Underwater homes aren’t a big deal anymore
Fiction
Home prices rose across California in 2013, hurtling most underwater homes out of negative equity. So why doesn’t Richmond just drop their eminent domain plan — it won’t even help many homeowners, will it?
Facts
It’s true, negative equity has diminished in California, with just under 13% of mortgages underwater as of Q4 2013. However, the figure is much higher in areas the recession hit hardest, according to a report by U.C. Berkeley. In Richmond, 28% of homes are still underwater and prices remain at half the peak home prices experienced during the Millennium Boom.
Thus, nearly one in three mortgaged homes are underwater in Richmond, and they are unlikely to see daylight until the next big bubble. These homeowners need help now — not in some distant future.
The current plan is to use eminent domain to restore equity on 624 homes. However, taking this action will open the door to extensions of this plan in the future, both here in Richmond and across the nation.
It’s immoral!
Fiction
The loudest vitriol against the campaign to help homeowners comes from Wall Street, specifically big banks and mortgage companies who made a tidy profit shelling out these mortgages in the first place. Are they concerned when it comes to the mounting number of underwater homeowners?
The sad truth is investors stand to profit from the continuing foreclosure crisis. Private investor firms like Colony Capital and Pimco (a vocal opponent of using eminent domain to seize mortgages) are deeply invested in buying these foreclosed homes on the cheap and converting them to rentals.
On the other side of the same coin, there is no money in helping underwater homeowners stay in their homes.
The “immorality” clearly doesn’t stem from Richmond’s eminent domain plan.
Facts
If anything, this plan should have been enacted earlier, and on a broader scale. The New York Fed has called reverse eminent domain “the best way to assist underwater homeowners.” President Obama considered the plan in 2008, but backed down in the face of opposition from those aforementioned Wall Street types.
Don’t let vocal opponents sway you, too. Lenders are not out in the world to help borrowers stay in their homes — they are out for money.
The detractors of Richmond’s reverse eminent domain plan want you to blame the borrower, but excuse Wall Street for preying on these homeowners.

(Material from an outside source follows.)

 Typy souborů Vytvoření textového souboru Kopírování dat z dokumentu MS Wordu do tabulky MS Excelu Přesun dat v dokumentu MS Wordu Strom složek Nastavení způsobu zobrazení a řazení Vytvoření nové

It’s the same type of logic that goes into arguments against strategic default – and we’ve debunked those, time and again.
I agree completely with this analysis. Big business has never had a problem with eminent domain that displaces homeowners when it is done to build freeways and ease congestion or to create access for developments. At best, it would seem that intermediate scrutiny (used in equal protection challenges to gender classifications, as well as in some First Amendment cases) is applicable under the constitution to this process. An argument can be made that only a rational basis applies (generally used when in cases where no fundamental rights or suspect classifications are at issue). If rationally related, the statute must be rationally related to a legitimate government interest, no question property degradation due to being over encumbered would pass the rationally related test because almost everything does. If the higher test of intermediate scrutiny applies, Richmond’s plan seems to further an important government interest by means that are substantially related to that interest.
In the end, this ends up more of a political question than a legal one, which the courts are never going to touch.